Burndy Library is one of the world's largest collections of books on the history of science and technology.

History
Founded in 1941 in Norwalk, Connecticut by the electrical engineer, industrialist, and historian Bern Dibner, the library holdings include important scientific literature from antiquity to the 20th century. Highlights of the collection include one of the world's most complete sets of the works of Isaac Newton, including books owned and annotated by Newton, as well as some sixty manuscripts by Newton, multiple books about Leonardo da Vinci, all of Darwin's works, and important manuscript and print materials by Louis Pasteur, a 1544 edition of Archimedes' mathematical text Philosophi ac Geometrae and many important original works from the 18th and 19th centuries. Generally, the collection's strengths are in the early modern period, and include strong holdings in the history of mathematics, astronomy, and color theory.

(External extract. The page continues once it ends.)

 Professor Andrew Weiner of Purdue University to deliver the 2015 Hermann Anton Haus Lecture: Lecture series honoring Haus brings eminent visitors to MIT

The "Burndy" appellation was invented by Dibner and represents a portmanteau or blend of his first and last names.

The library was originally located at the Burndy Engineering Company in Norwalk, Connecticut. In 1974 Dibner donated one-quarter of the library holdings to the Smithsonian Institution to form the nucleus of its research library in the history of science and technology. In 1976, the Dibner Library of the History of Science and Technology opened at the Smithsonian Institution, and it remains part of the Smithsonian Institution Libraries housed at the National Museum of American History, Behring Center in Washington, DC.

The remainder of the Burndy Library collection remained in Norwalk until after Bern Dibner's death in 1988. It was moved to the campus of the Massachusetts Institute of Technology (MIT) in 1992 with the establishment of the Dibner Institute for the History of Science and Technology. After residing there for more than a decade, the collection needed to be moved due to the pending demolition of the building which housed it.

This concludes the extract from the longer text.